Japanese journalist Shiori Itō tells how she pursued her rape case against a prominent TV executive

This is the remarkable story of Japanese journalist Shiori Itō, who waived a legal right to anonymity to pursue her rape case against prominent TV news executive Noriyuki Yamaguchi. The film gives us fly-on-the-wall video footage of her embattled life as she prepared her legal case and later as she wrote her memoir of the events, Black Box, named after the closed files on her case: the black boxes.

As a young journalism intern in 2015, she had turned up for what she thought would be a career-help chat with Yamaguchi.

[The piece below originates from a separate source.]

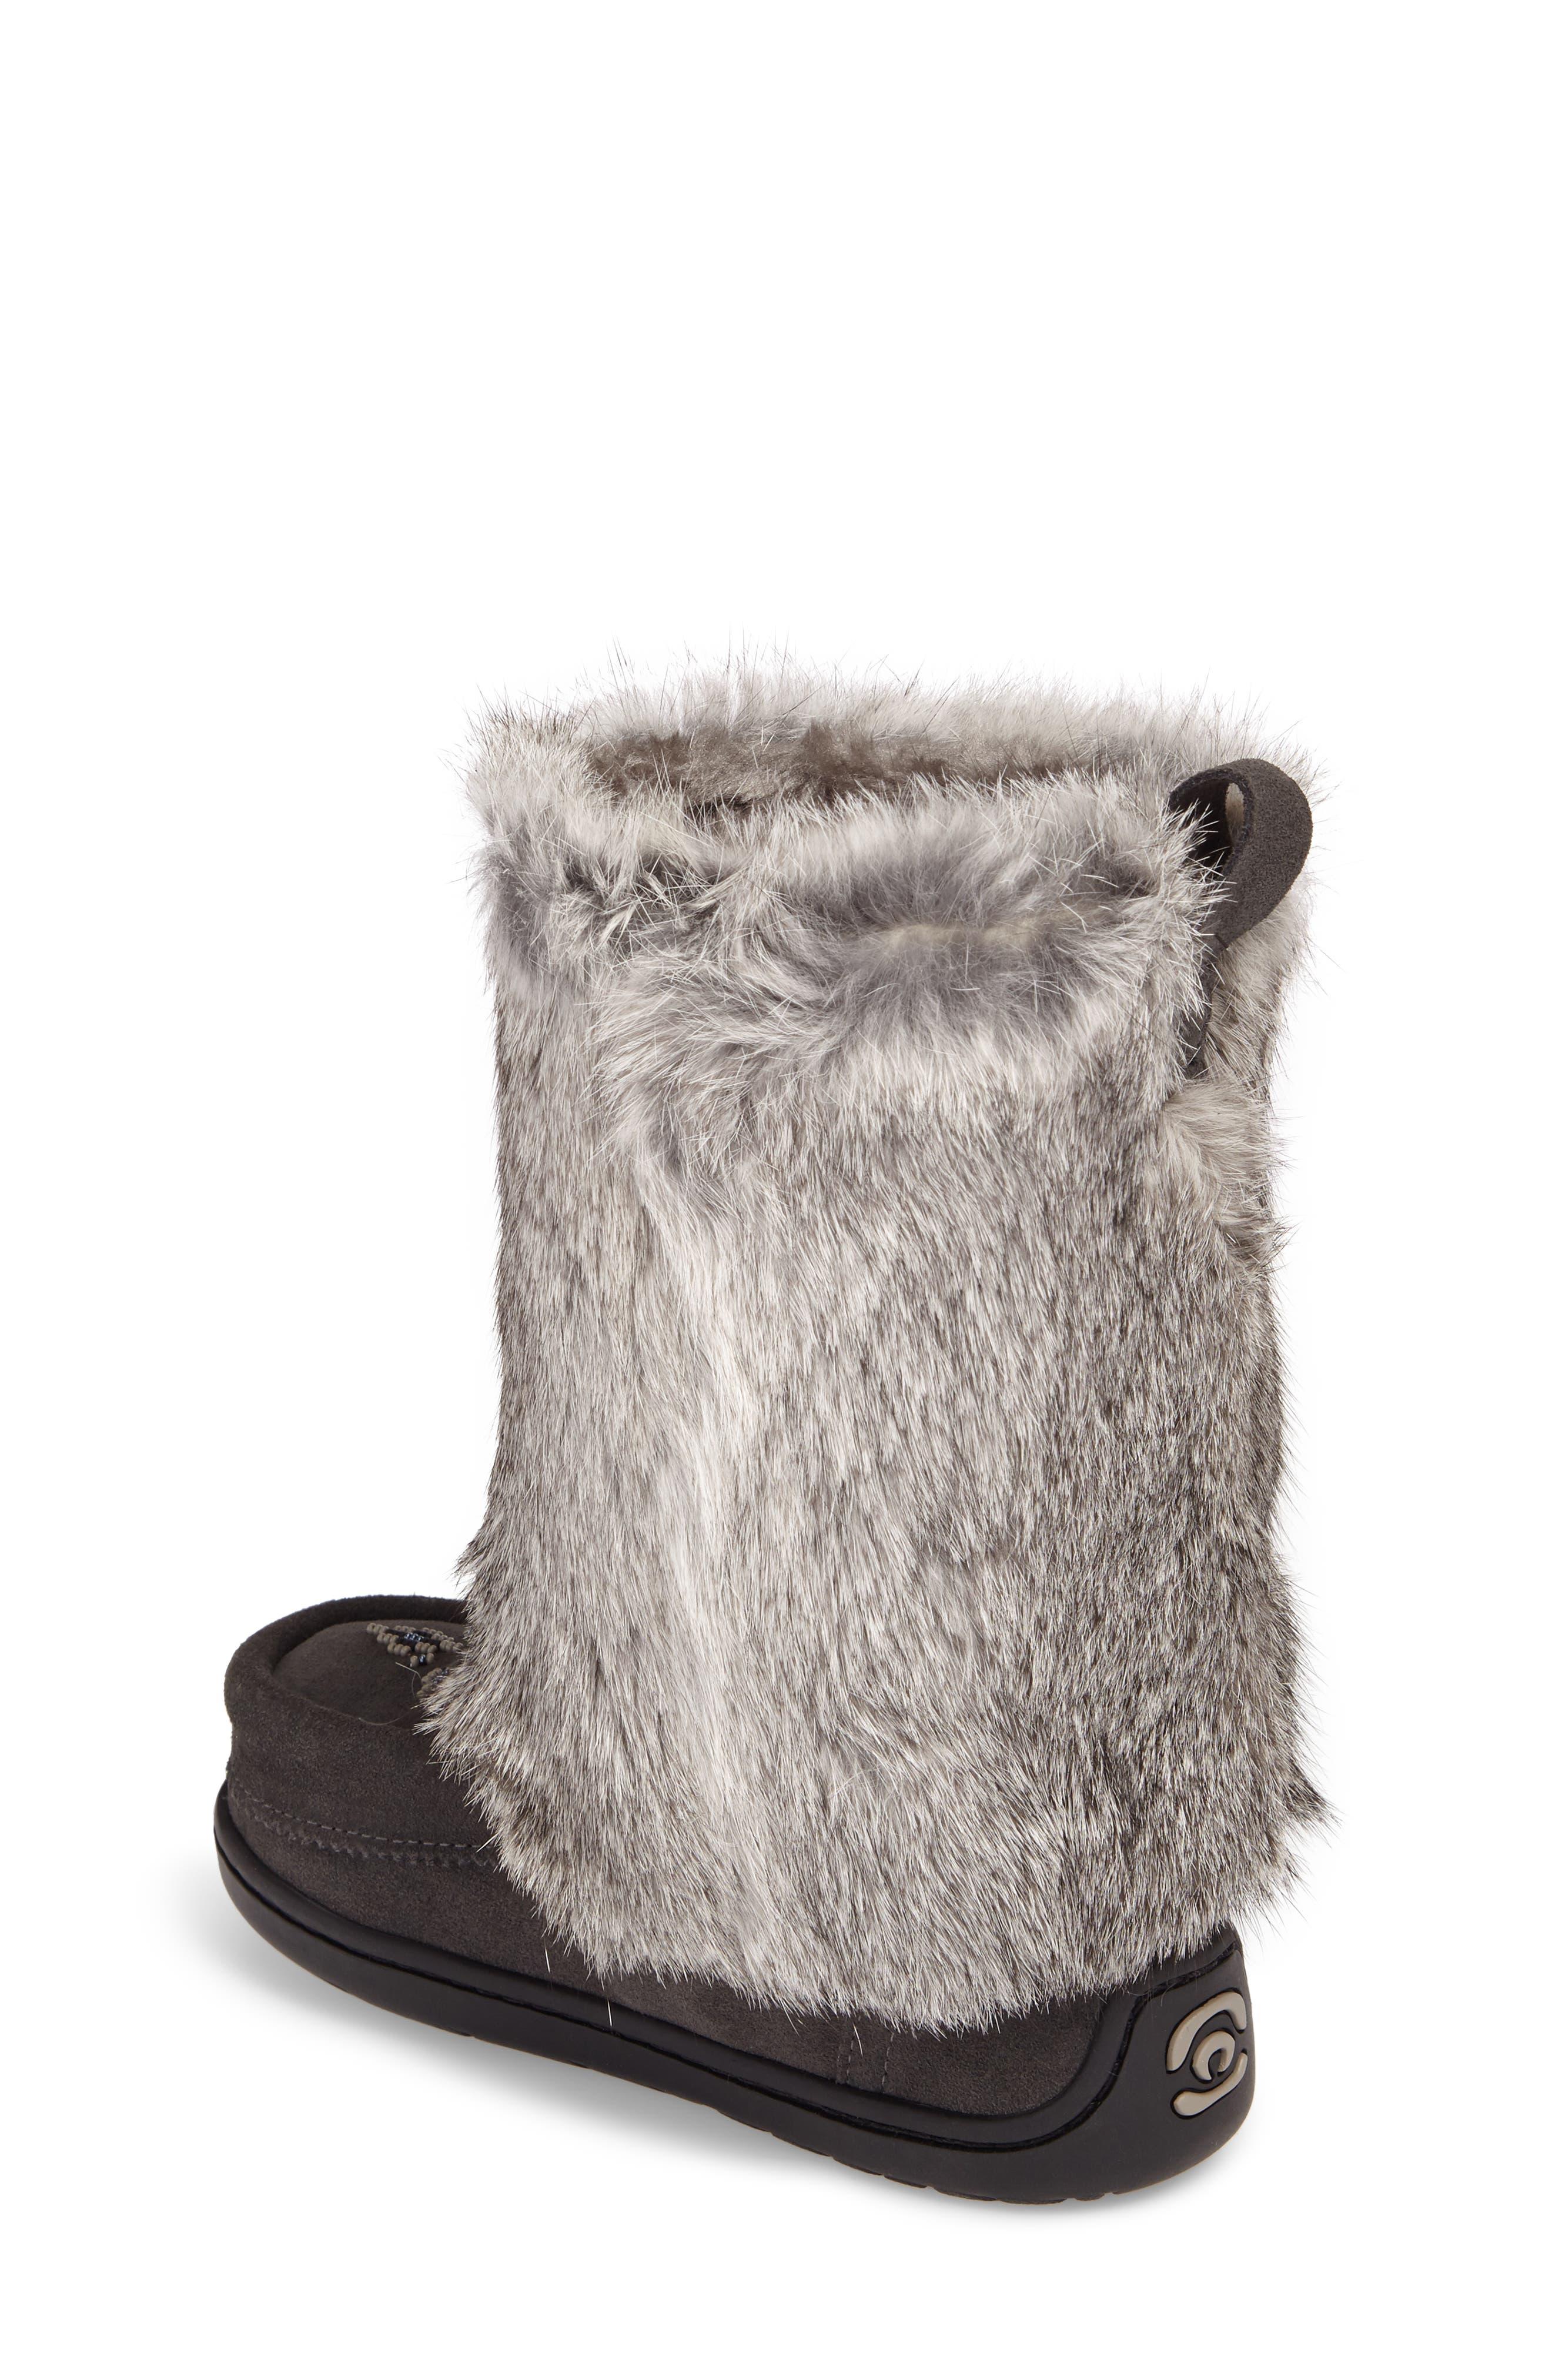 Nordic Genuine Rabbit Fur & Genuine Shearling Mukluk Boot,                             Alternate thumbnail 2, color,                             021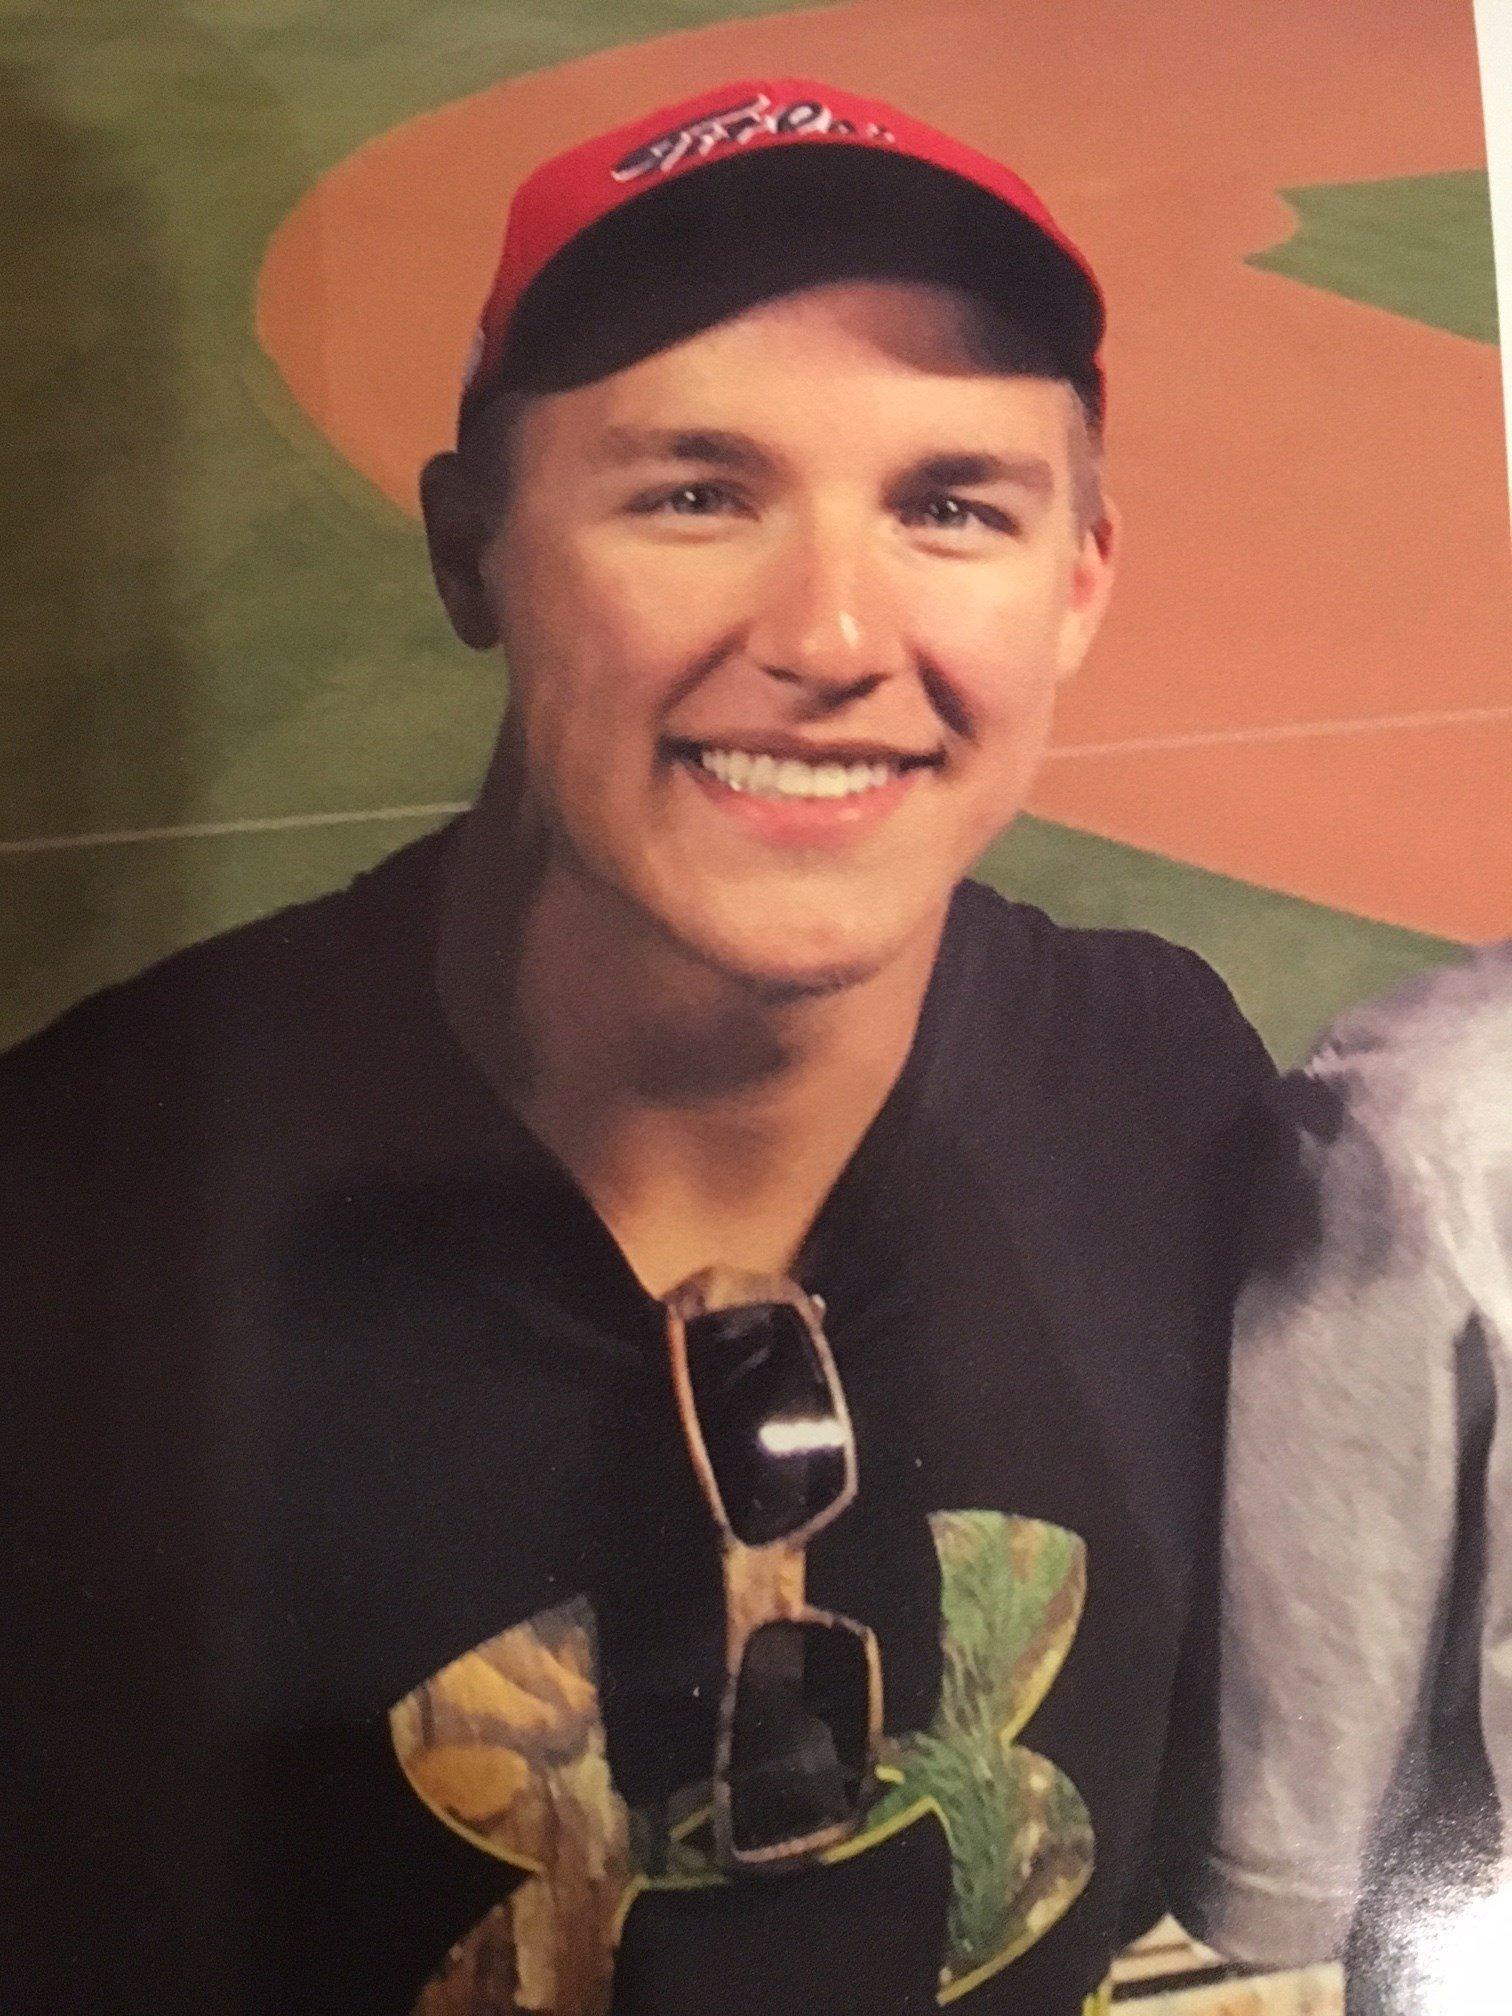 Joe Smith was killed in a car crash last June. (Source: Smith Family)

She was confused and uncomfortable to find it was at a bar where turning down his hospitality would be impolite; she became drunk and says she regained consciousness in a hotel room to find Yamaguchi raping her. Later, in a police station, officers made her re-enact the event with a male dummy. Itō became the figurehead of the Japanese #MeToo movement as hundreds of thousands of women in conservative, male-dominated Japan examined their own supposed memories of abuse. And as a journalist, Itō found herself on the trail of a Watergate-type story: her assailant was friendly with the Japanese prime minister and with police authorities who cancelled his arrest warrant. And all the time, she received a blizzard of online abuse. Yamaguchi maintains sex was consensual.